## WHAT THIS TASK INVOLVES
From the line that contains "Anatomie-Studien ist eine" to the last line of the data below, transcribe every line exactly. Do not include the pictures.

Collection entries:
——
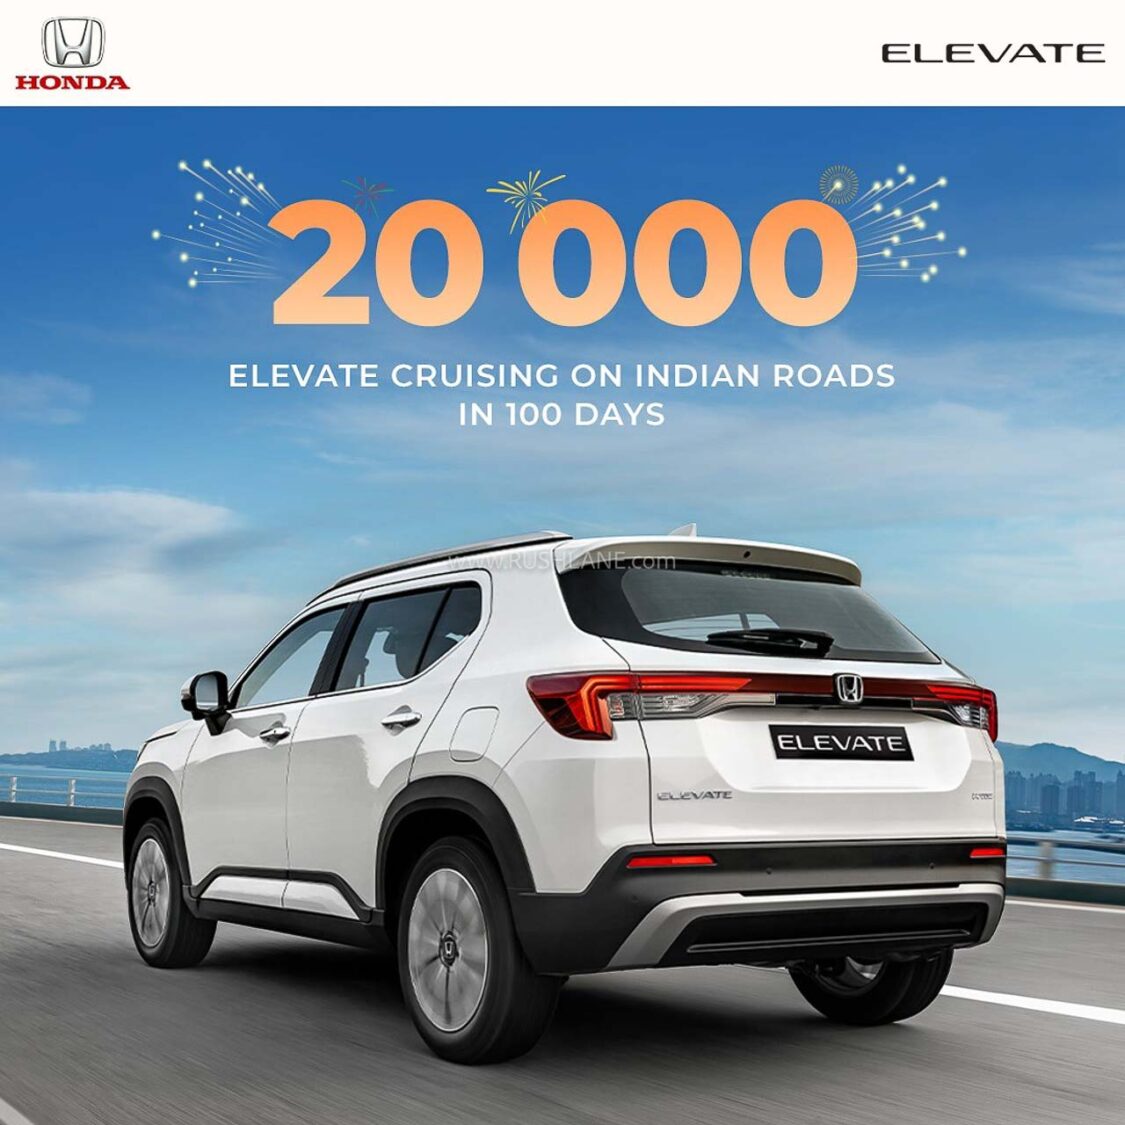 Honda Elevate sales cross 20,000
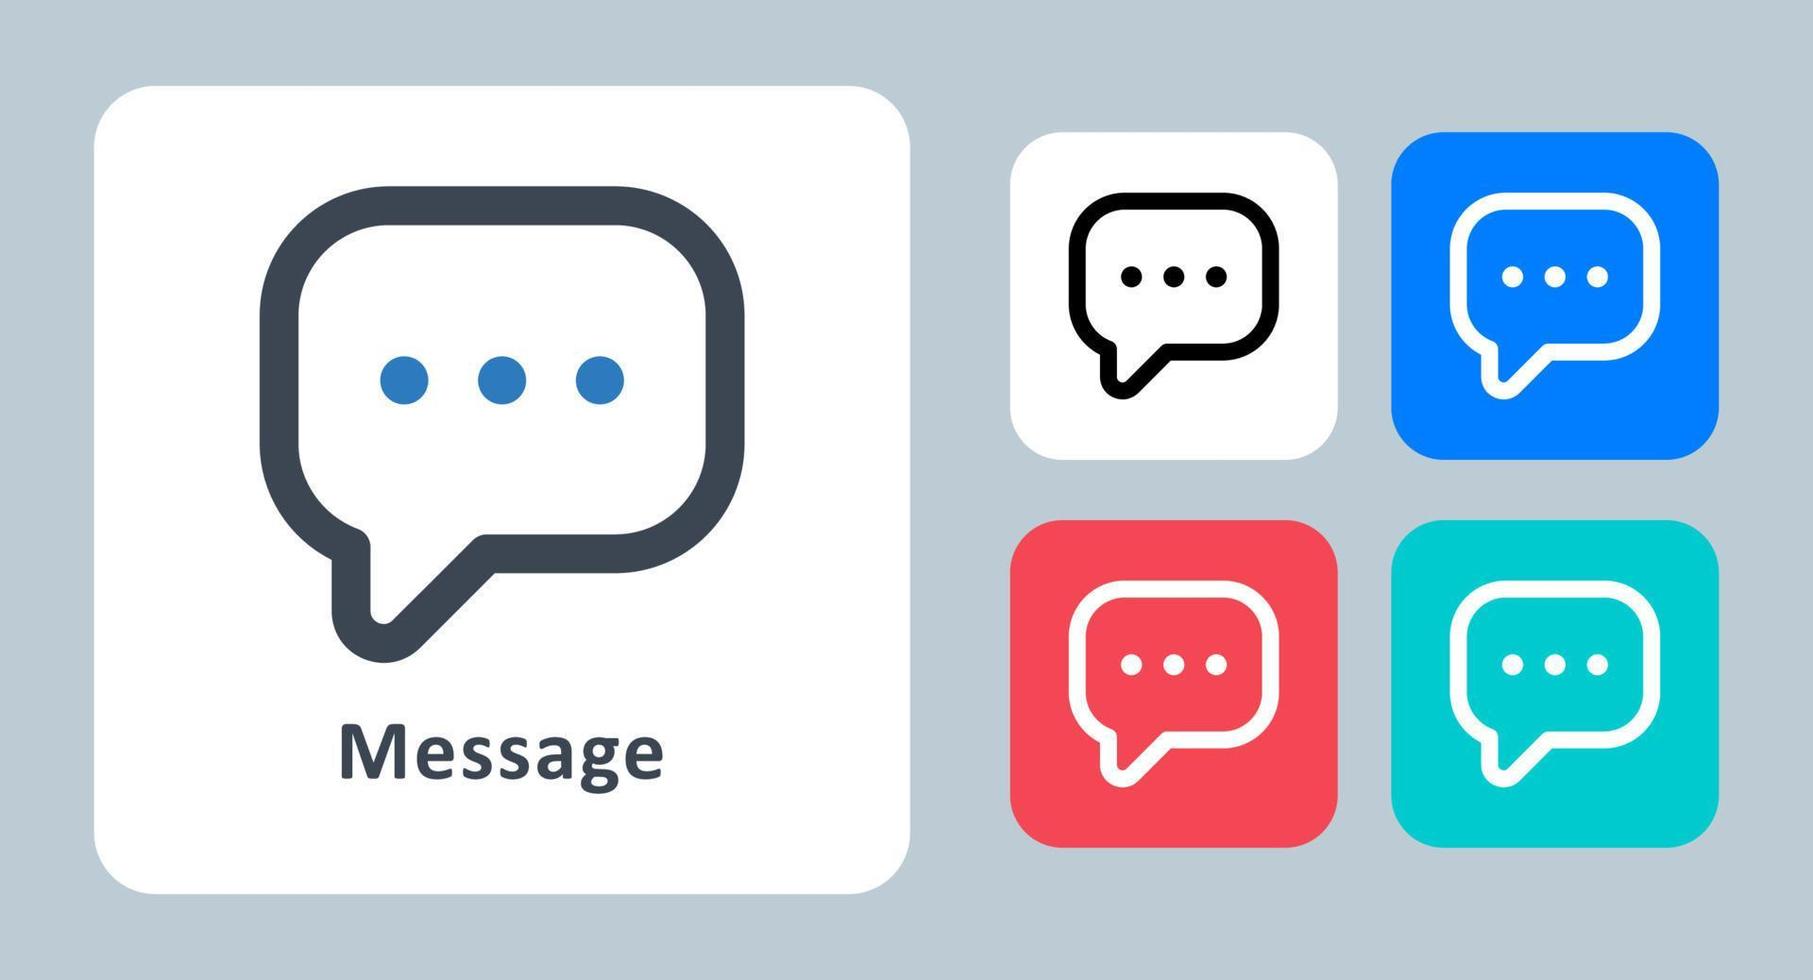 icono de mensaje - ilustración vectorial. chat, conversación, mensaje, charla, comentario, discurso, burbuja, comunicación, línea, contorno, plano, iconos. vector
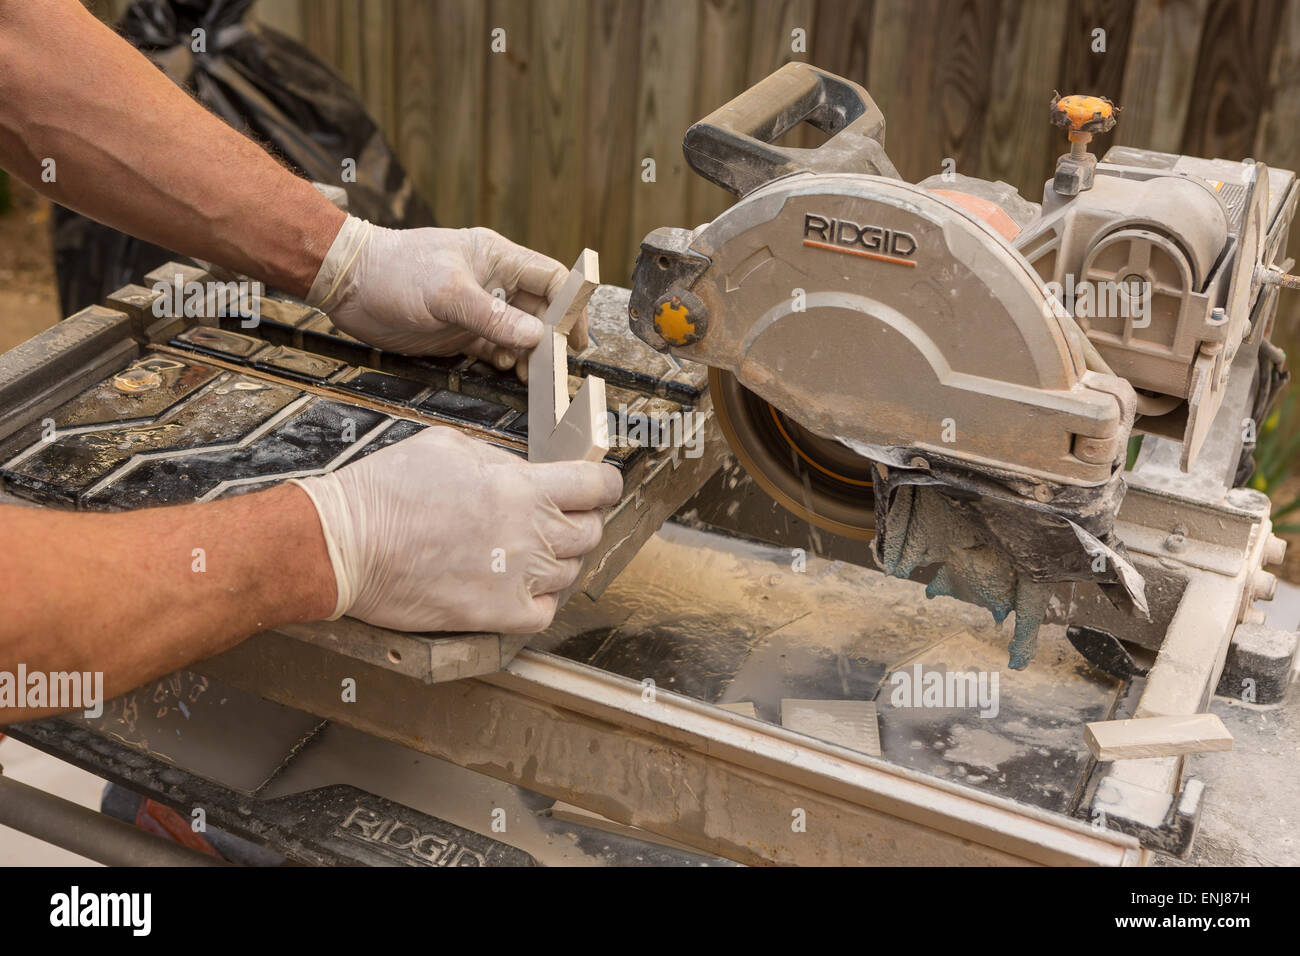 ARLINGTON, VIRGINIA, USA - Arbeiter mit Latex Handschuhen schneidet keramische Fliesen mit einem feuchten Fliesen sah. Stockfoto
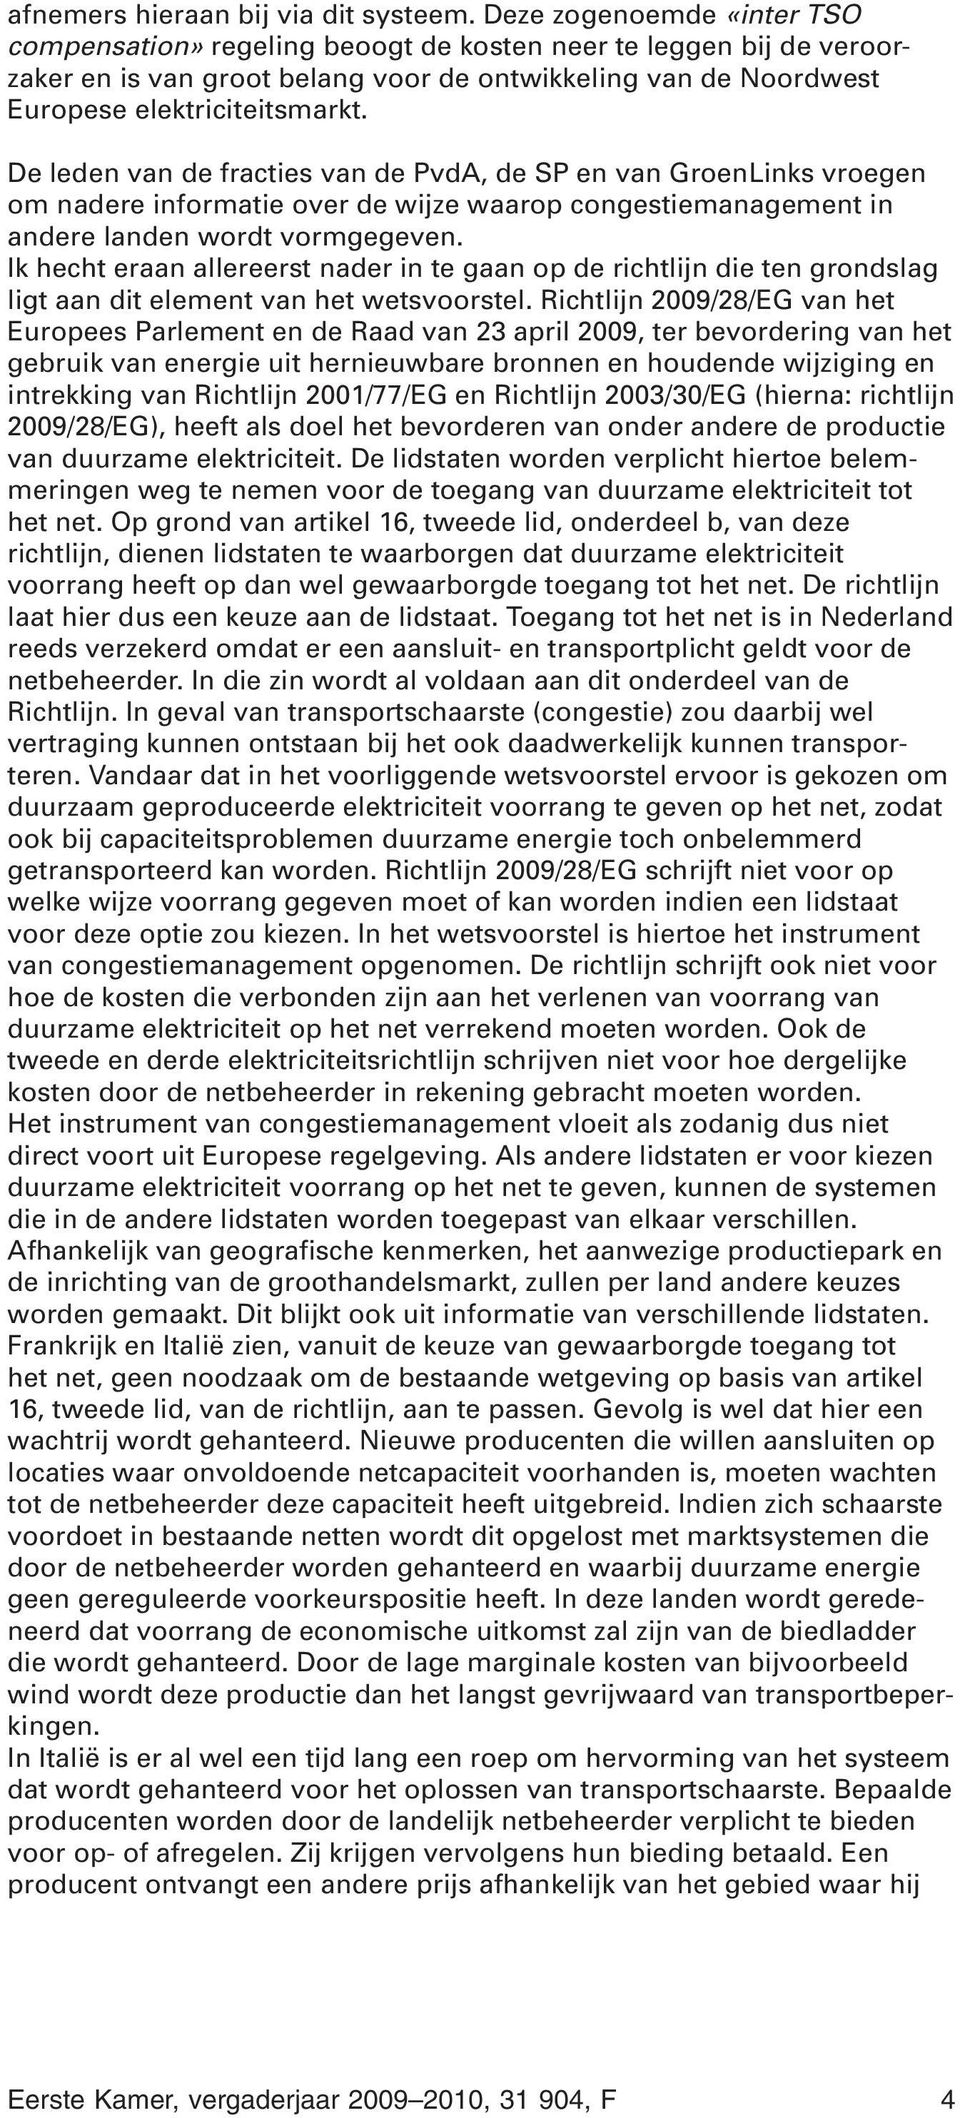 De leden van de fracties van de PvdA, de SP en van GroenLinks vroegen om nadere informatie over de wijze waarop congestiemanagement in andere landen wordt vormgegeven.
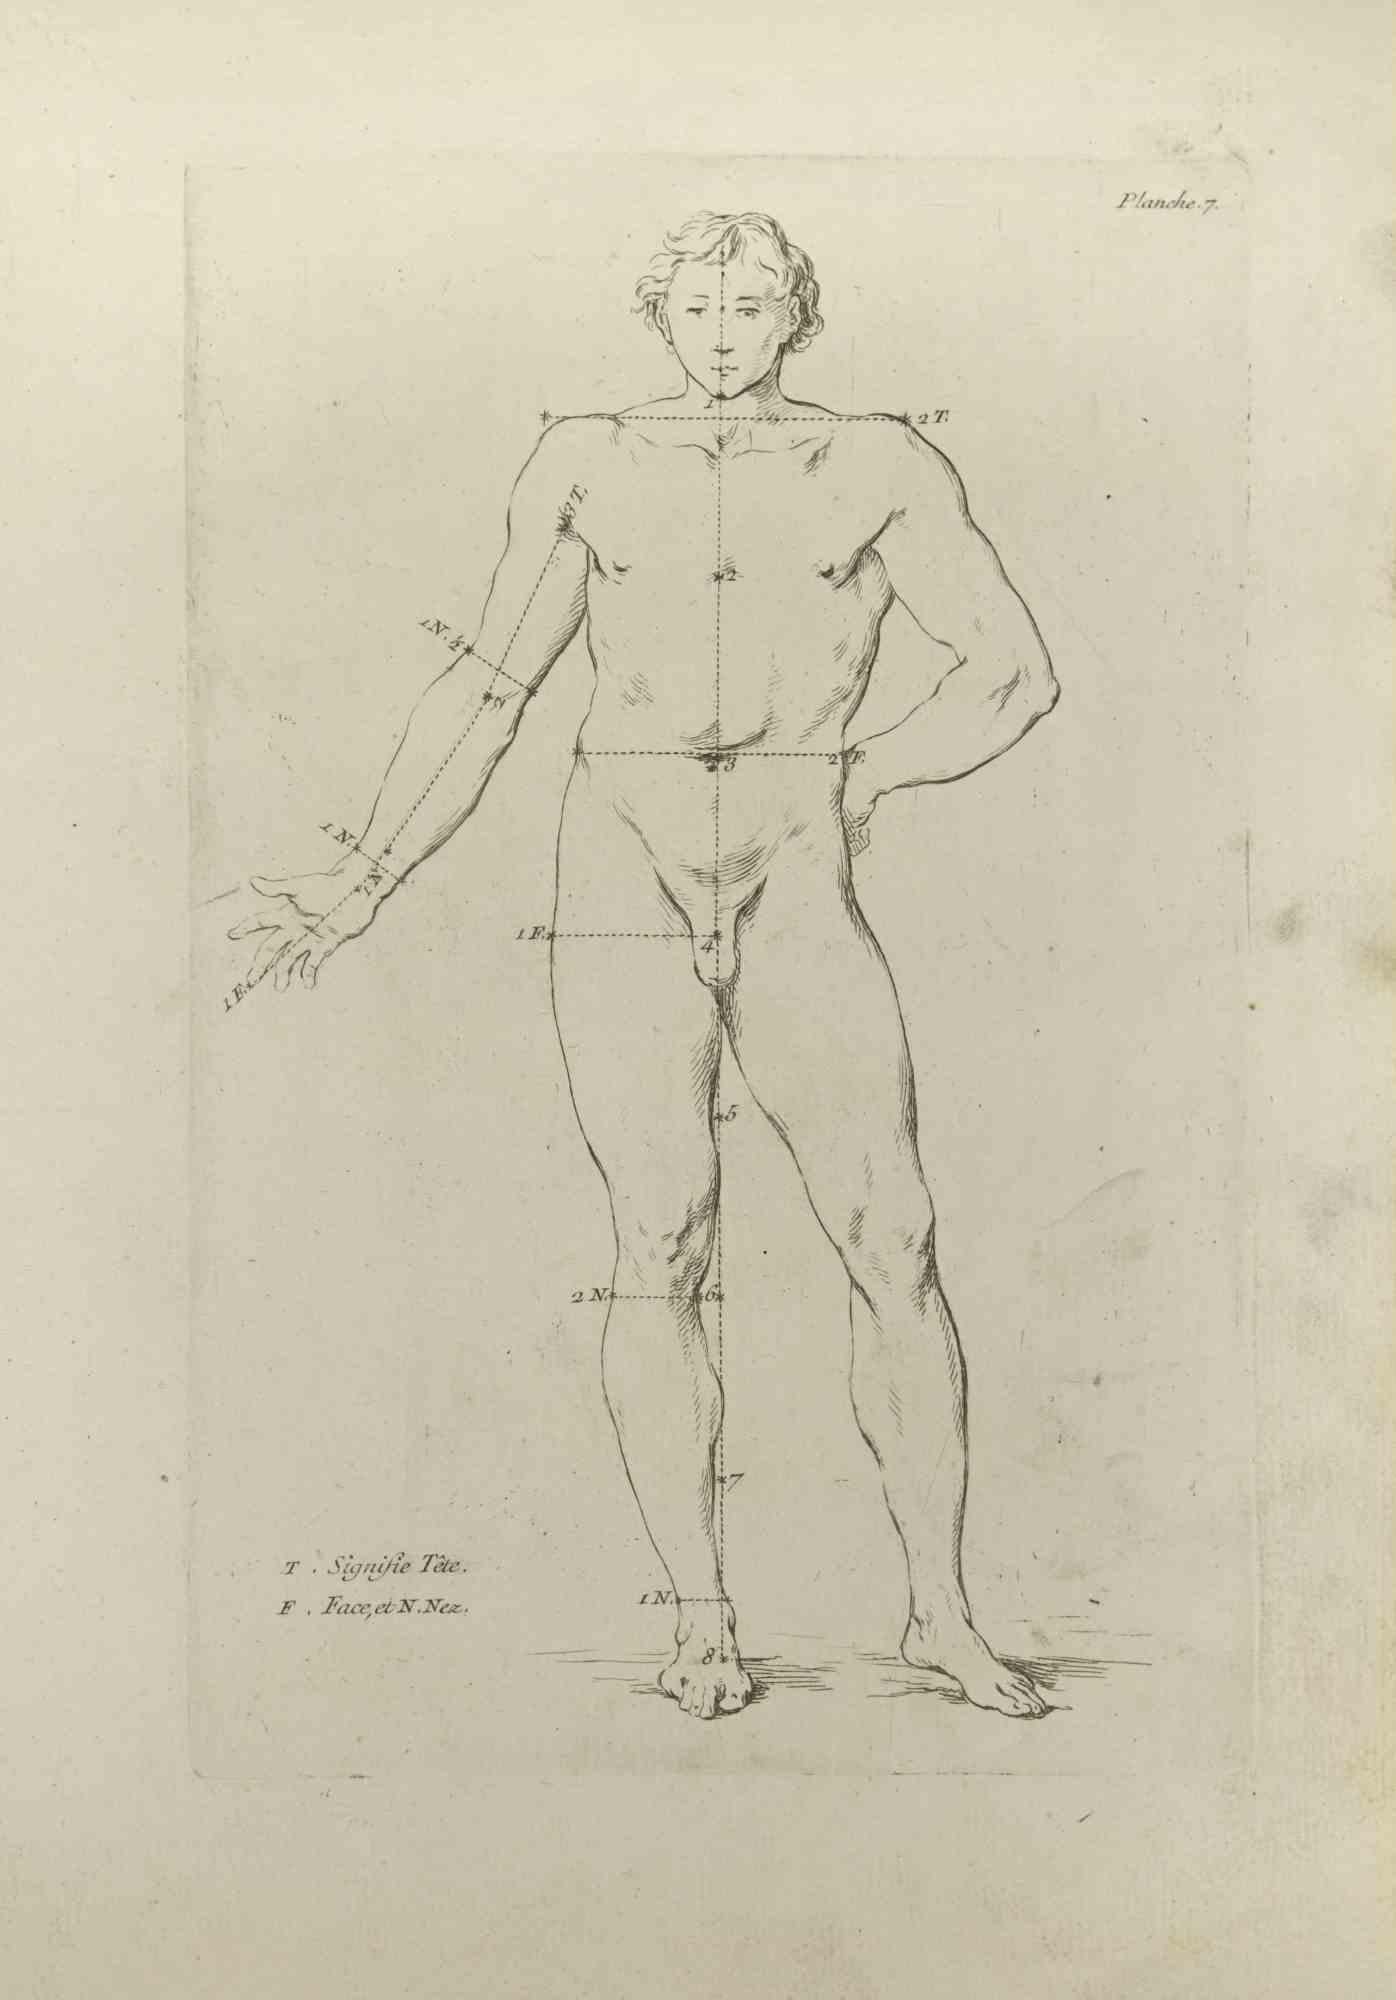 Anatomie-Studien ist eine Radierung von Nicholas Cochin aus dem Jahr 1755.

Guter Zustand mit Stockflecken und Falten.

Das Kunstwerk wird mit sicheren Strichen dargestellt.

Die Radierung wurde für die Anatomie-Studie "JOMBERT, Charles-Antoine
——
## WRITTEN SOLUTION
 Anatomie-Studien ist eine Radierung von Nicholas Cochin aus dem Jahr 1755.

Guter Zustand mit Stockflecken und Falten.

Das Kunstwerk wird mit sicheren Strichen dargestellt.

Die Radierung wurde für die Anatomie-Studie "JOMBERT, Charles-Antoine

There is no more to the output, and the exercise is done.